The best solution I found so far using formState and by setting the mode to onChange.

 const { register, handleSubmit, formState } = useForm({
    mode: "onChange"
  });

And on the submit button:

<button disabled={!formState.isValid}/>

Based on this issue: https://github.com/react-hook-form/react-hook-form/issues/77

onChange mode explanation from the documentation:

Validation will trigger on the change event with each input, and lead to multiple re-renders. Warning: this often comes with a significant impact on performance.

Comments

3

you can use formState => isDirty which means form is been modified.

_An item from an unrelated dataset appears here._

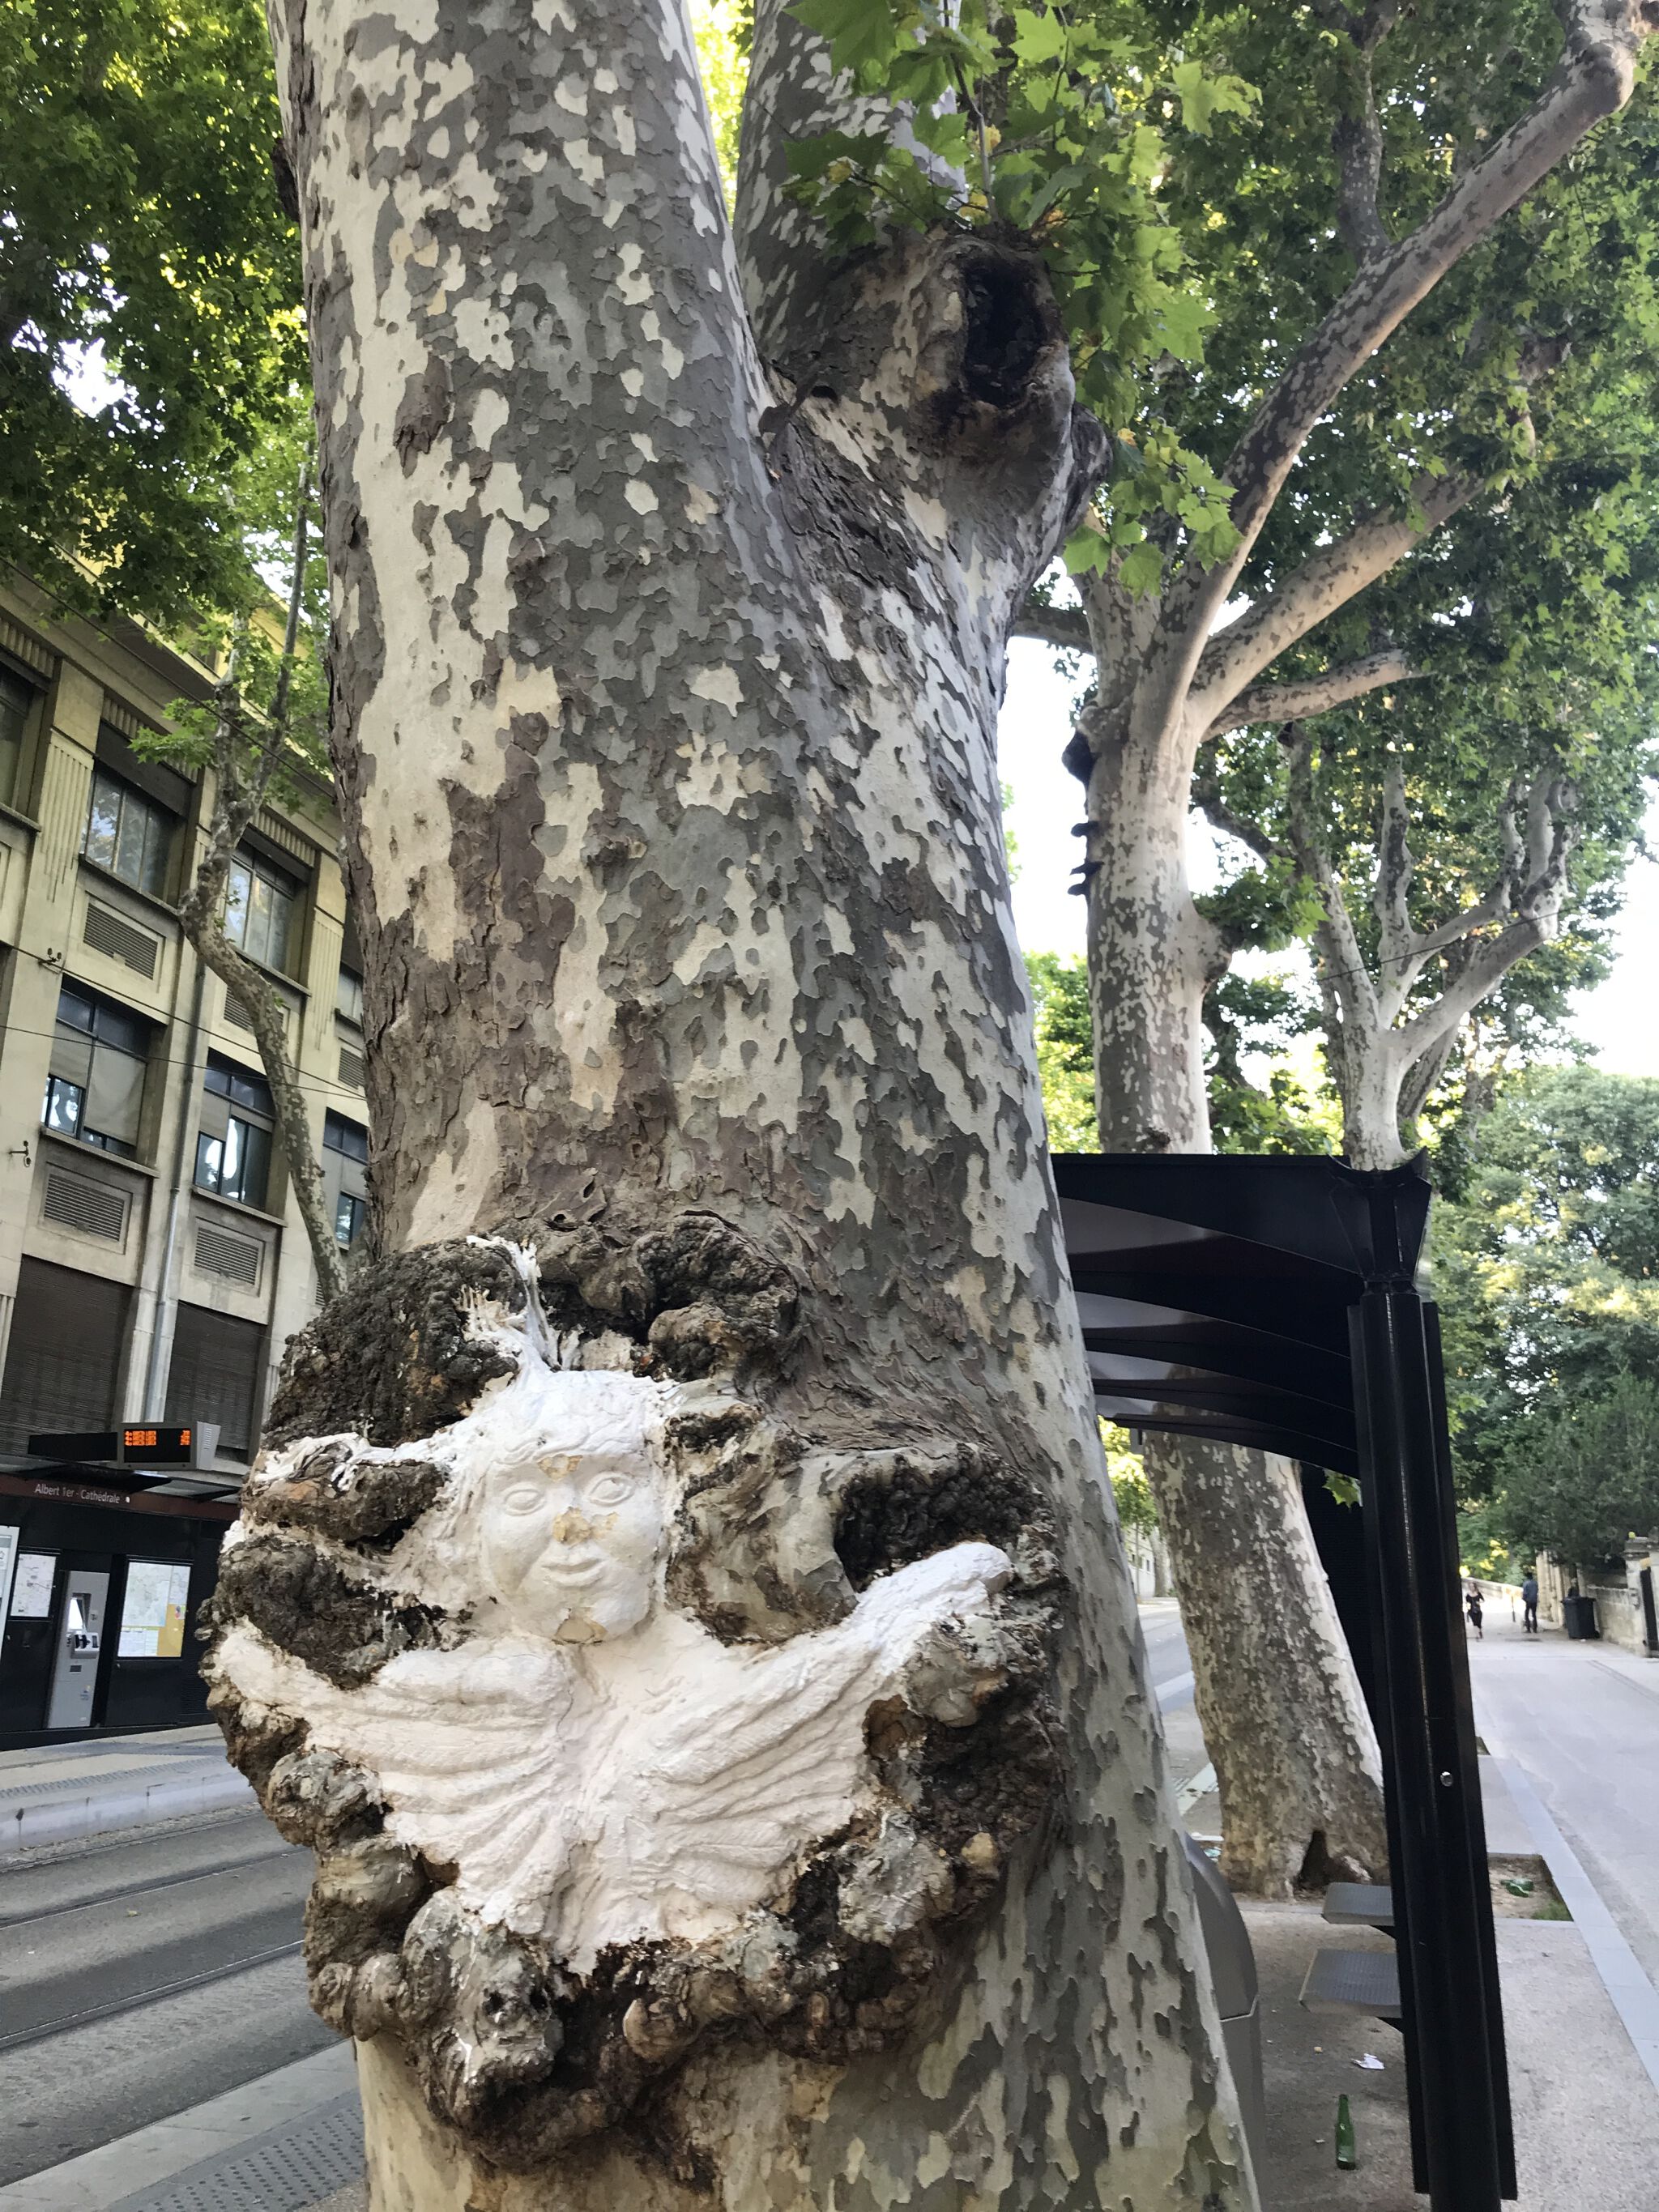 Unknown - Montpellier&mdash;Plaster on Trees

https://react-hook-form.com/api#formState

here is a working example for formState below:

https://codesandbox.io/s/react-hook-form-v6-formstate-ht098?file=/src/index.jsx:423-432

<input disable={formState.isDirty} type="submit" />

2 Comments

What if i want to disabled the submit button again after submit successful. I dont see that case mention the the doc. Thanks for the react-hook-form , it is a great lib.
This does not seem to work with controllers when using third party libraries
2
const { 
    register, 
    handleSubmit, 
    formState: { isSubmitting, isDirty } // <== isDirty
  } = useForm({ defaultValues: { ... } }) // <== defaultValues - leave your form values empty in your case


<button
  type="submit"
  disabled={!isDirty} // <== Once form is touched, this changes
>
  submit
</button>

With the above, until the form is touched, the submit button is disabled.

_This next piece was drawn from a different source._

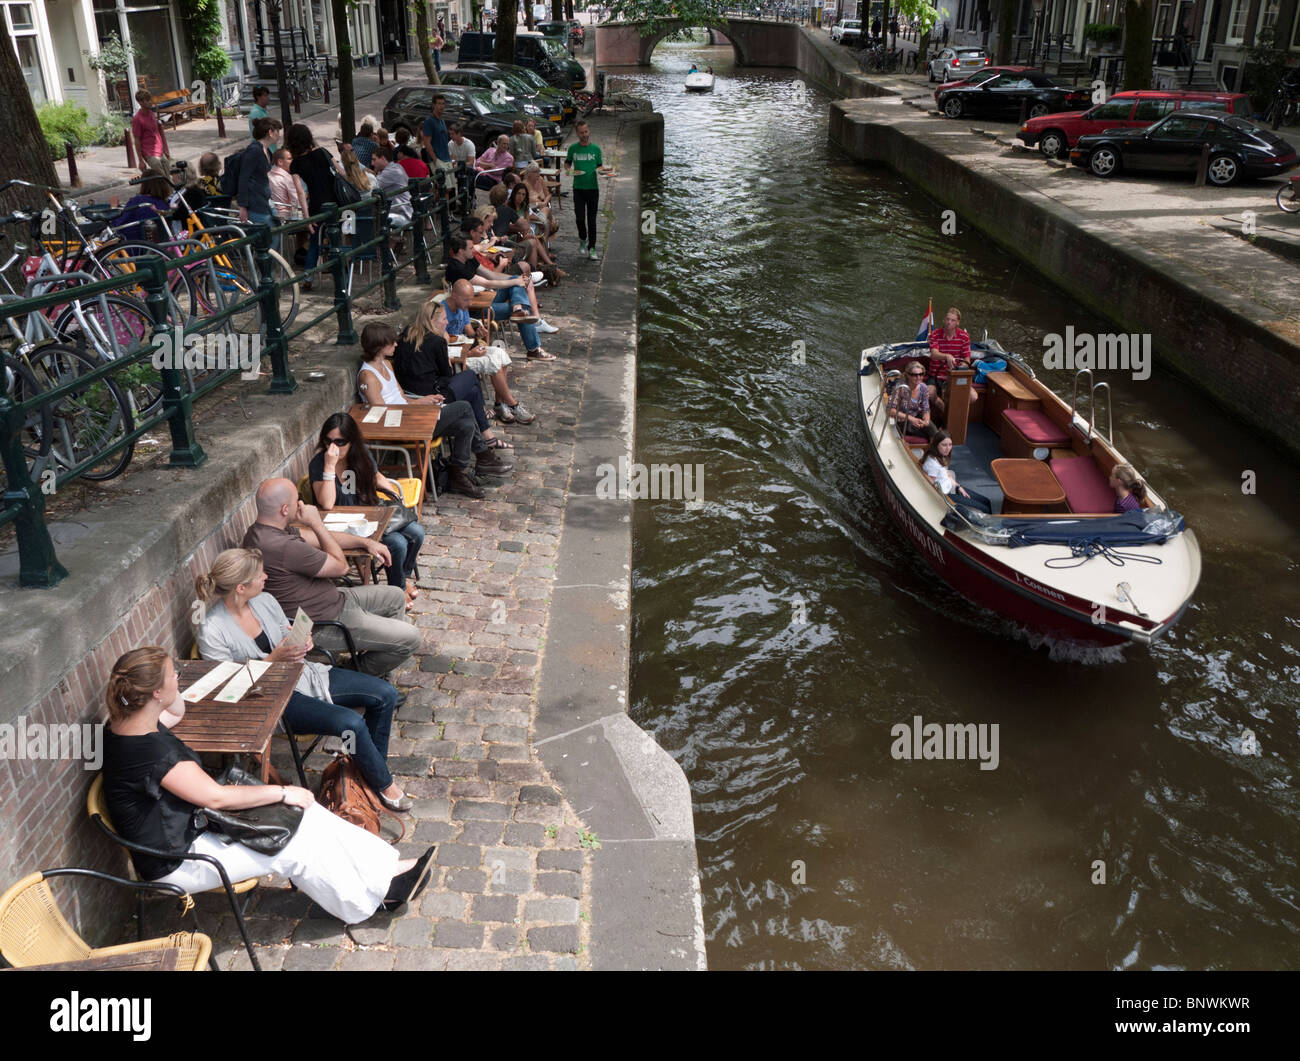 Cafe accanto al canal nel quartiere Jordaan di Amsterdam Paesi Bassi Foto Stock

You can combine with isValid to ensure the form cannot be submitted until all validations pass.

Comments

0

Close but I think the logic is slightly off from the other comments. The key is to use the && operator. Credit to the example with the Formik library.

const { formState: { errors, isDirty, isValid } } = useForm()
///...
<button type="submit" disabled={!isDirty && !isValid}>
Continue
</button>

2 Comments

So when the form is dirty, yet invalid (false && true), it won't be disabled anymore? I don't think this is a suitable answer for most use cases.
I think that should be ||.
0

isDirty Set to true after the user modifies any of the inputs.

isValid Set to true if the form doesn't have any errors.